Amazon continues to face challenges but is optimistic about the future. The company has made cost
cuts and efficiency improvements in fulfillment and logistics networks to lower costs and speed up
delivery times. AWS is facing short-term headwinds but has a strong customer base and continues to
innovate with new products and technologies. Other businesses like Advertising, Amazon Business, and
Buy with Prime continue to see strong growth. The company is also investing in new areas like
grocery, healthcare, satellite internet access, and artificial intelligence which could provide
large opportunities in the future. Although Amazon currently has a small share of the overall retail
and IT markets, as more retail shifts online and to the cloud, the company believes it is well
positioned for significant growth ahead."""

## Candidate summaries
There are four summaries provided.

The first was created by Amazon Titan, the second is a completely unrelated article on Honus Wagner, and
major leageu baseball player from the turn of the 20th century. The third is a summary of the 2017 letter to shareholders, and the final example is a summary by AI21 labs Jurassic Mid foundation model.

In [68]:
candidates = [
{
    "note": "Unrelated Article on Honus Wagner",
    "text": """
Johannes Peter "Honus" Wagner, sometimes referred to as Hans Wagner, was an American baseball shortstop
who played 21 seasons in Major League Baseball from 1897 to 1917, almost entirely for the Pittsburgh Pirates.
Wagner won his eighth (and final) batting title in 1911, a National League record that remains unbroken
to this day, and matched only once, in 1997, by Tony Gwynn. He also led the league in slugging six times
and stolen bases five times. Wagner was nicknamed "the Flying Dutchman" due to his superb speed and German
heritage. This nickname was a nod to the popular folk-tale made into a famous opera by the German composer
Richard Wagner. In 1936, the Baseball Hall of Fame inducted Wagner as one of the first five members.
He received the second-highest vote total, behind Ty Cobb's 222 and tied with Babe Ruth at 215.
"""
},
{
    "note": "Anthropic Claude on 2017 Letter",
    "text": """In his 2017 letter to Amazon shareholders, Jeff Bezos emphasizes the importance 
of maintaining a "Day 1" mentality even as Amazon grows into a large company. He says customer obsession, 
resisting proxies, embracing external trends, and high-velocity decision making are essential to fending 
off "Day 2" stagnation and irrelevance. Bezos argues that obsessive customer focus drives innovation, that 
proxies like surveys can mislead, that trends like AI must be quickly embraced, and that quality high-speed 
decisions maintain energy and dynamism. He shares examples from Amazon like Alexa and Amazon Go to 
illustrate these points. Bezos stresses that large organizations must move with the spirit of a startup 
to delight customers and remain vital.
"""
},
{
    "note": "AI21 Labs",
    "text": """
While Amazon has faced a challenging macroeconomic challenges in 2022, it has also been a year of growth
and innovation, it has also seen a number of successes. The company continue to grow, innovated, improved 
its customer experiences, and made important adjustments to its investment strategies. The company has been
focusing on long-term investment opportunities, and is constantly investing in long-term opportunities, 
and plans to lower costs, even as it faces short-term challenges.
"""
},
{
    "note": "Amazon Titan",
    "text": """
Despite shutting down some businesses and making changes to others, Jassy remains confident in
Amazon's future prospects. He highlights the company's ongoing efforts to improve fulfillment costs,
speed up delivery, and expand its retail business. Jassy also discusses Amazon's investments in
advertising, machine learning, and new business areas such as healthcare and satellite internet. He
emphasizes the company's long-term vision and commitment to innovation.
"""
}]

## The comparison
Now that both summaries have been completed, let's use the Claude v2 model to compare the two and decide which is better.

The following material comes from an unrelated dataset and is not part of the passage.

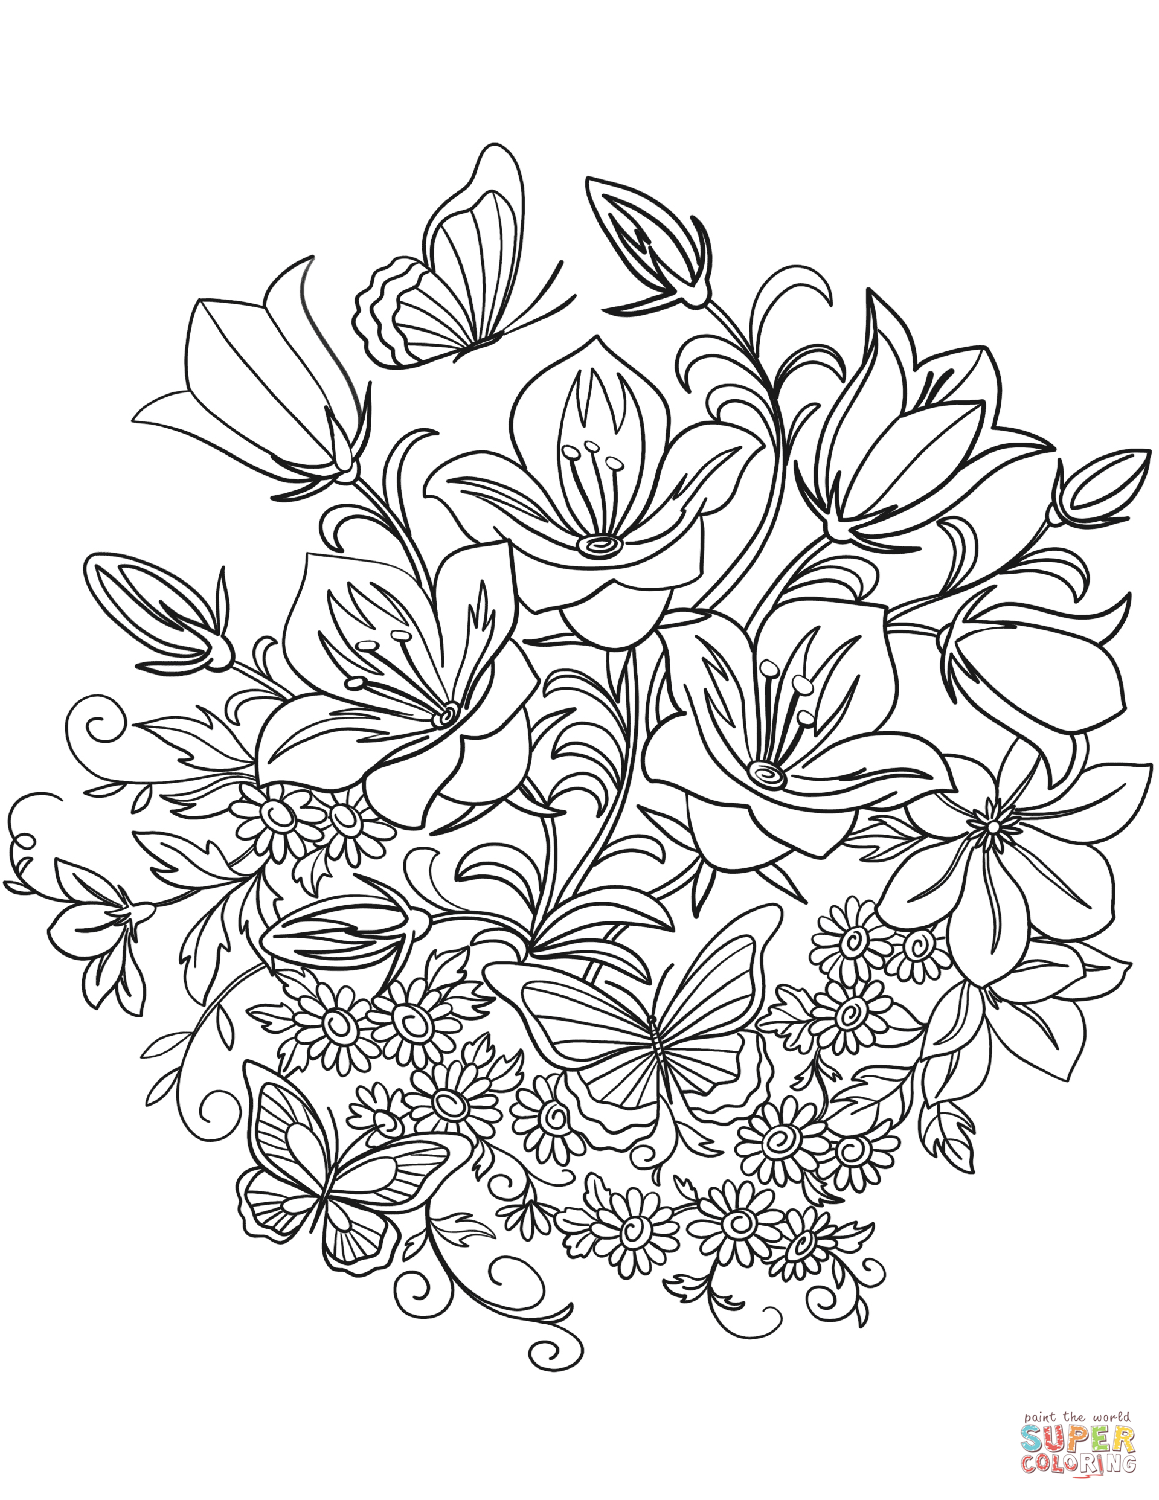 Butterfly and Flowers coloring page | Free Printable Coloring Pages

The prompt below provides the entire document text, then both of the summaries. It then asks the foundation model which is more accurate and concise. If you value other dimensions of the summary more, you can include that in the prompt. Lastly, it gives a specific format to the output as an example, thus making it easier to parse.

Notice how it includes the reasoning in the result. This tends to drive better results, as the model must justify its decision. Feel free to modify the code to ask for just a Yes/No response to which one is better. The results can be more random in that case.

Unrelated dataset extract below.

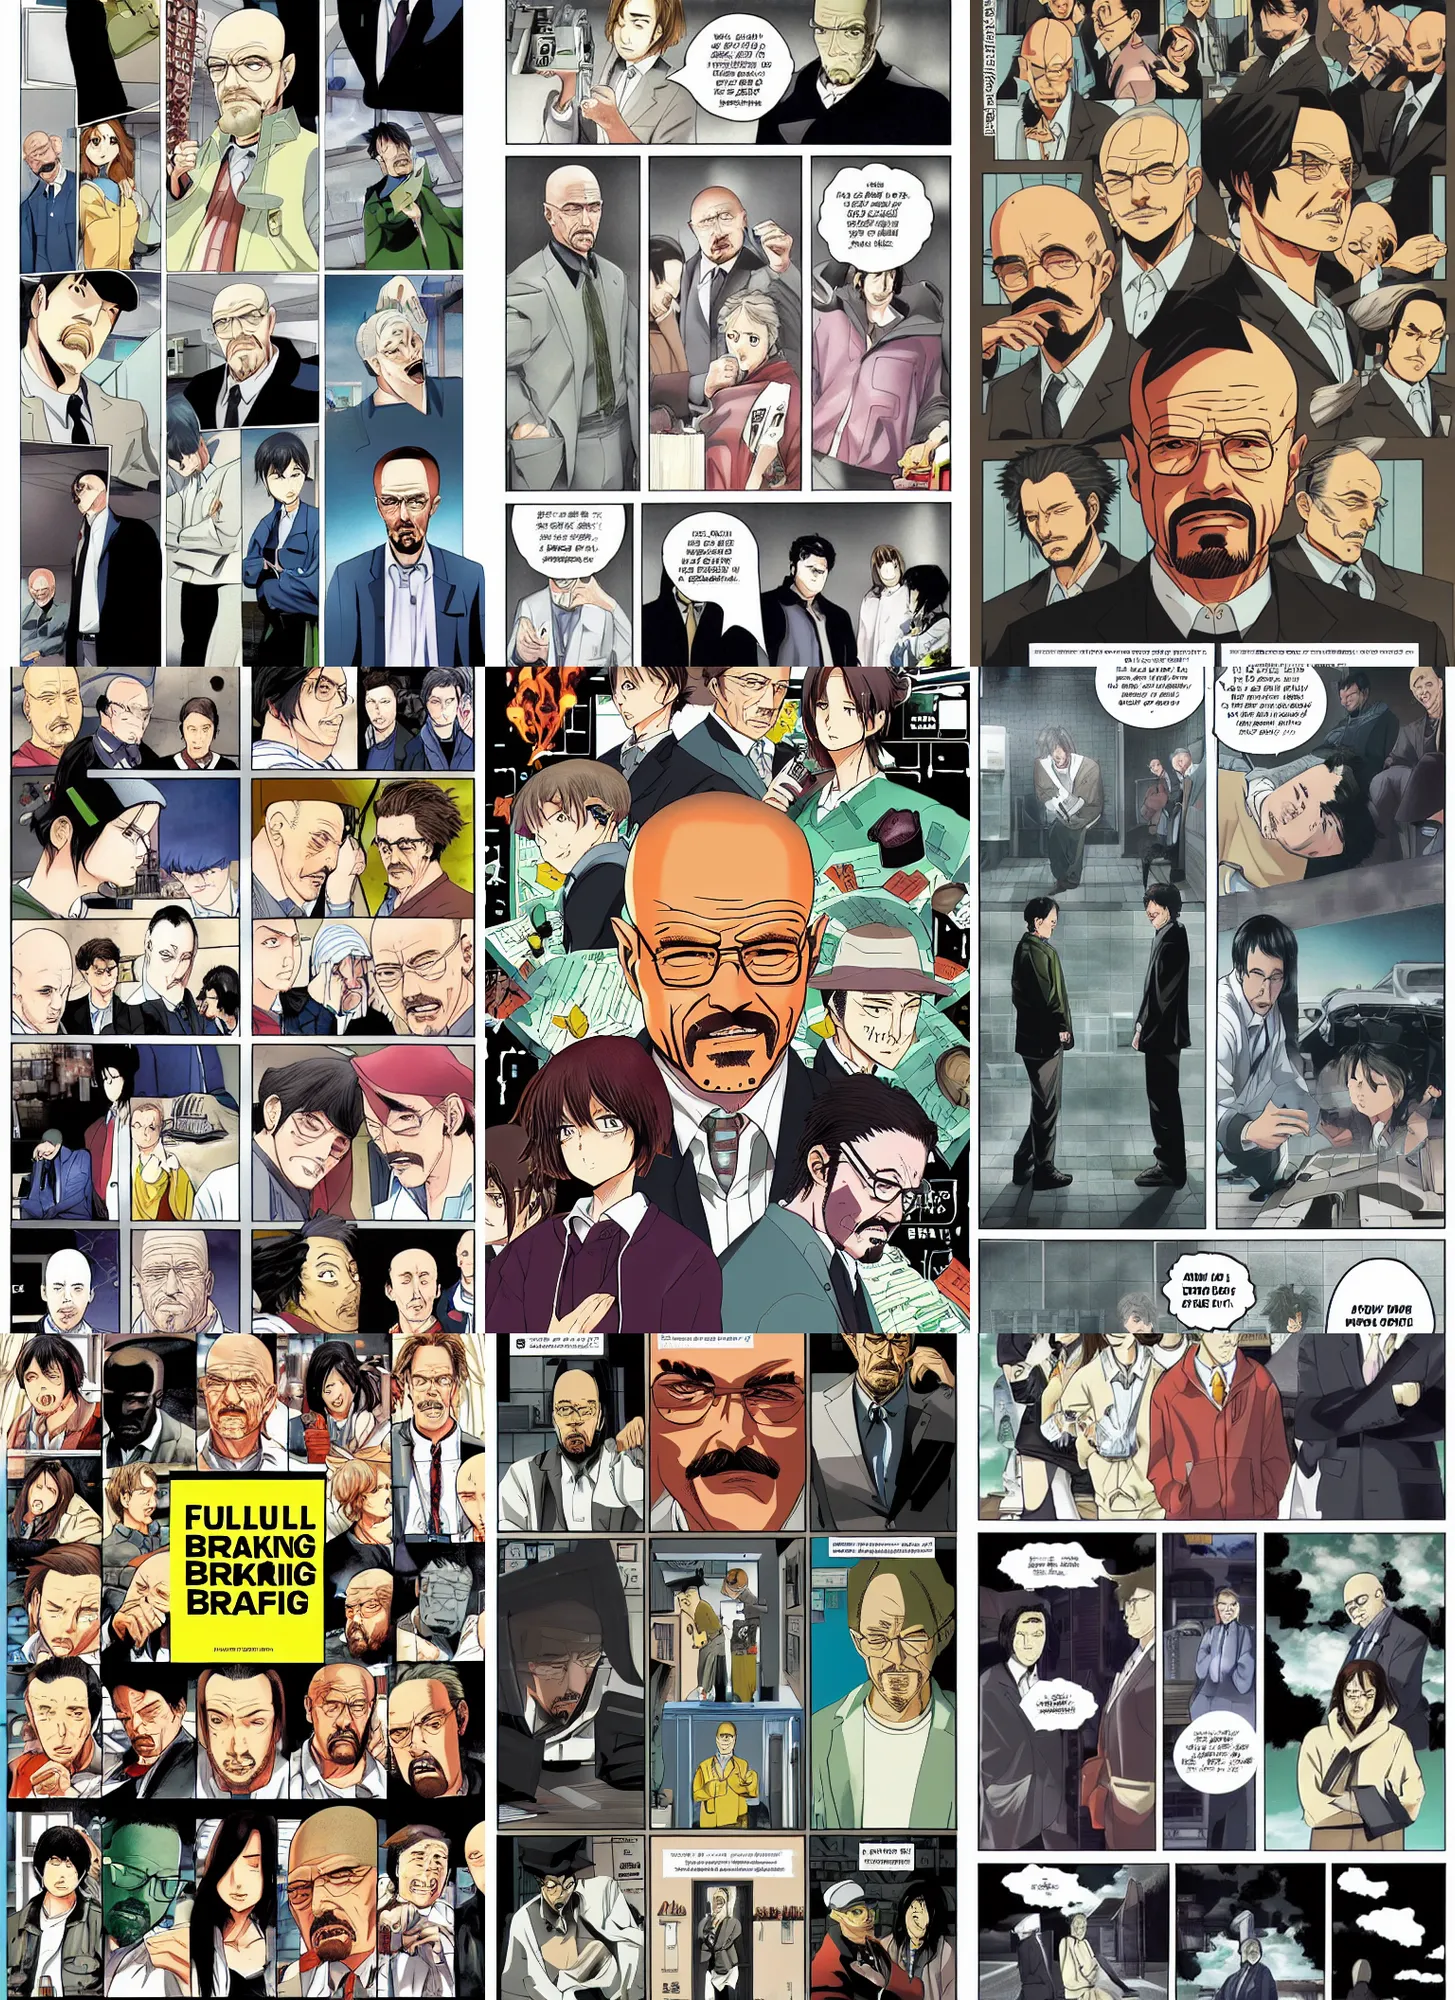 Prompt: full page of the manga adaptation of breaking bad, full color

Lastly, run the comparison several times. The answer may change. Is the model hallucinating why one is better than the other? Can more details be added to the prompt to reduce this effect?

In [69]:
def compareText(text1, text2):
    # Create a prompt template that has multiple input variables
    multi_var_prompt2 = PromptTemplate(
        input_variables=["text1","text2"],
        template="""Human: You are comparing 2 documents. On a scale of 1 to 100, how similar are the documents

    <text1>{text1}</text1>
    <text2>{text2}</text2>

   Provide the response in JSON format with the similarity score in the score element and explain the justification in the reason element:
    {{
      "score": 100,
      "reason": "The justification for the selection"
    }}

    Only respond with the json format above.

    Assistant: 
    """
    )

    prompt = multi_var_prompt2.format(text1=text1, text2=text2)


    response = textgen_llm(prompt)

    #target_code = response[response.index('\n')+1:]

    return response

In [70]:
for candidate in candidates:
    print(candidate['note'])
    print(compareText(baseline_summary, candidate['text']))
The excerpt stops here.